Но, сказать честно, «когда» — было не важно. Важно было то, что Минцзюэ совсем не хотелось, чтобы она уезжала. Особенно после послеобеденной прогулки в лес. А-Линь и Чэн-эр похватали луки и устроили соревнование — кто больше куропаток притащит; А-Сан отказался участвовать и скрылся где-то в противоположном направлении с силками. В общем, они вели себя как обыкновенные мальчишки. А Яньли...
Она снова была одета, как юный адепт, и волосы, подвязанные в высокий хвост лиловой лентой, украшала только простенькая серебряная шпилька с навершием в виде бутона лотоса. Она сидела на брошенном братом на траву плаще, ощипывала куропаток и смеялась, рассказывая о детских проделках своих братьев, о легендах и сказках Юньмэна, о том, как красивы протоки Янцзы и лотосовые озера в любое время года. Или молчала, слушая его. Минцзюэ развел костер и впервые без боли и отчаяния вспоминал походы с отцом, осенние охоты с ловчими птицами, о том, как впервые получил право взять на руки брата и ощутил ответственность за этот крохотный, но такой громкий сверток, в котором едва виднелось сморщенное личико. Смущенно запинался, вздыхал и признавался, каким дураком был, не разглядев в диди настоящий свет его души.

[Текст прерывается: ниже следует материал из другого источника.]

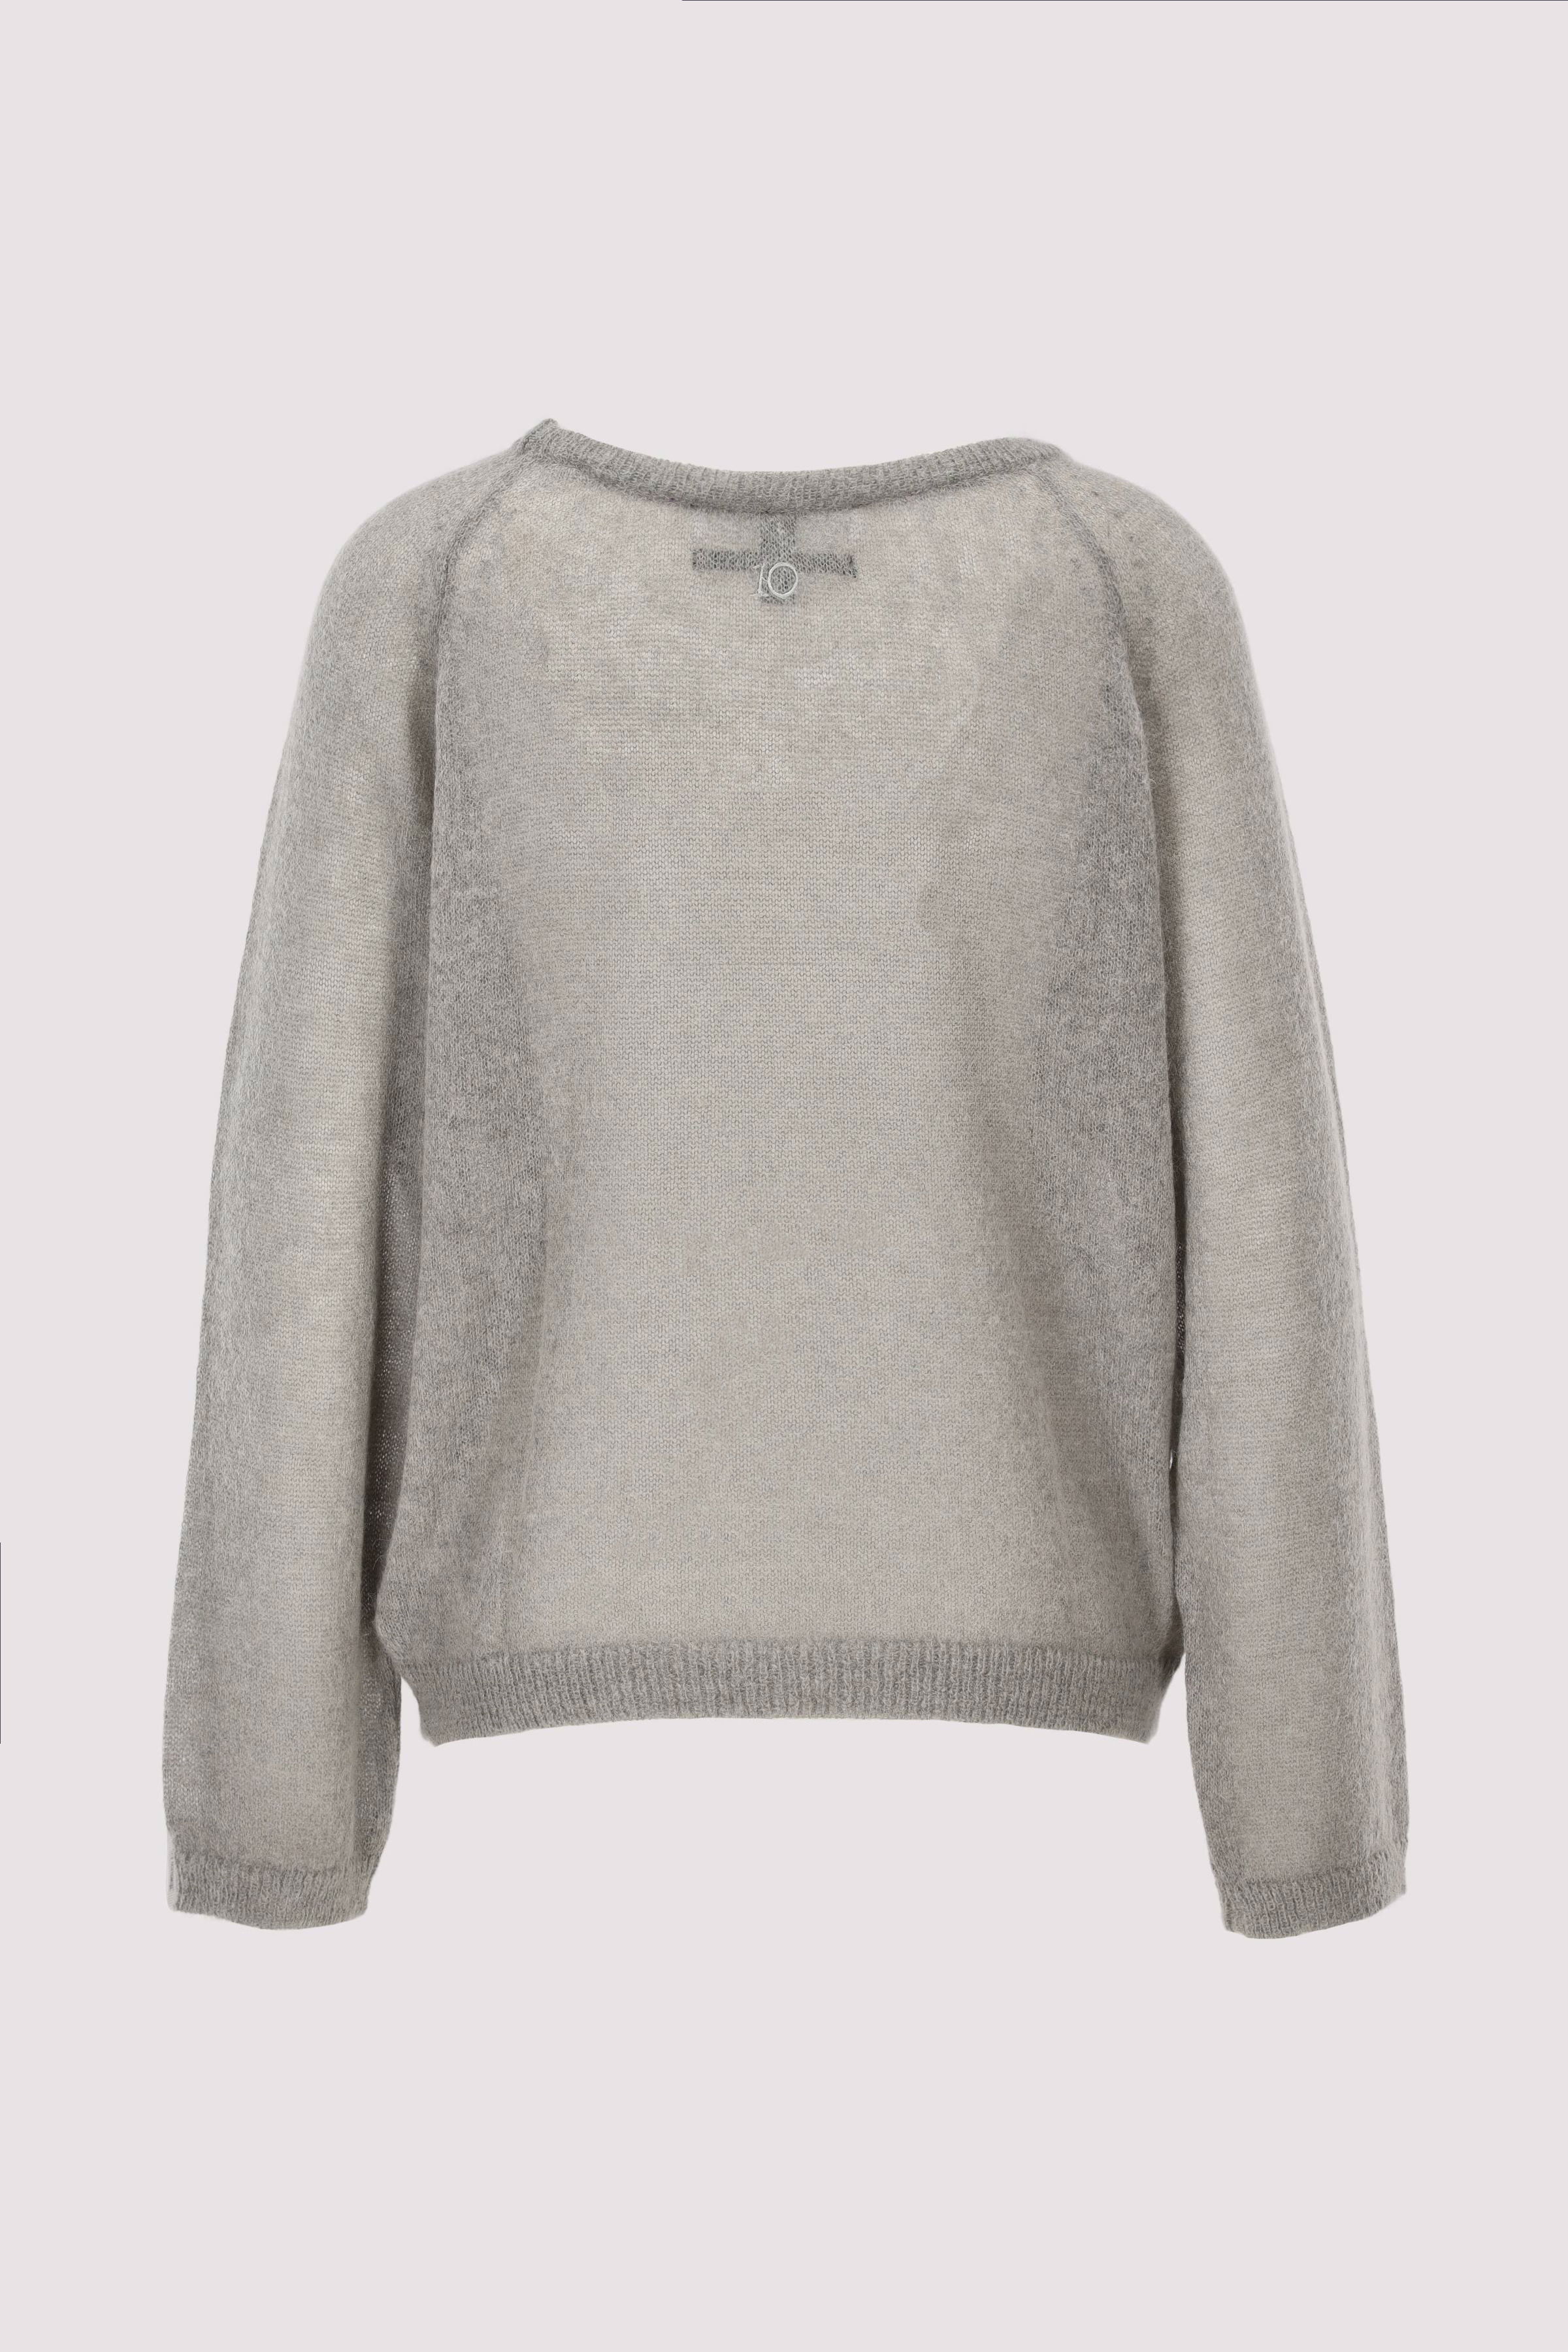 thin knit sweater

— Это из-за него, Вэй Усяня, я наконец смог открыть глаза. Знаешь, он как невидимая нить, сшивающая и небеса, и землю, но если она проляжет сквозь сердце — то это будет и больно, и остро, и без нее уже никак не будет все по-прежнему.
Яньли коснулась его сжавшегося кулака тонкими пальчиками. Ее шепот отозвался в его душе теплом:
— Ты понимаешь. Спасибо, Минцзюэ.
А потом он ел вкуснейших, кажется, во всей его жизни куропаток и зайчатину — добычу А-Сана — и умудрился посетовать, что зайцы по лету не пушные, а то получилась бы отличная шапка деве Цзян: зимы в Цинхэ суровые...
Яньли милостиво сделала вид, что ничего не заметила, а вот три паршивца сдавленно зафыркали, и Минцзюэ спорить был готов: А-Сан это ему ещё припомнит.
А потом он смотрел со стен цитадели вслед улетающим адептам Юньмэн Цзян и понимал, что такую картину он видеть больше не хочет — никогда. Вернувшись к себе и встретив в коридоре младших, сказал только одно:
— Никаких разговоров. Мне нужно подумать.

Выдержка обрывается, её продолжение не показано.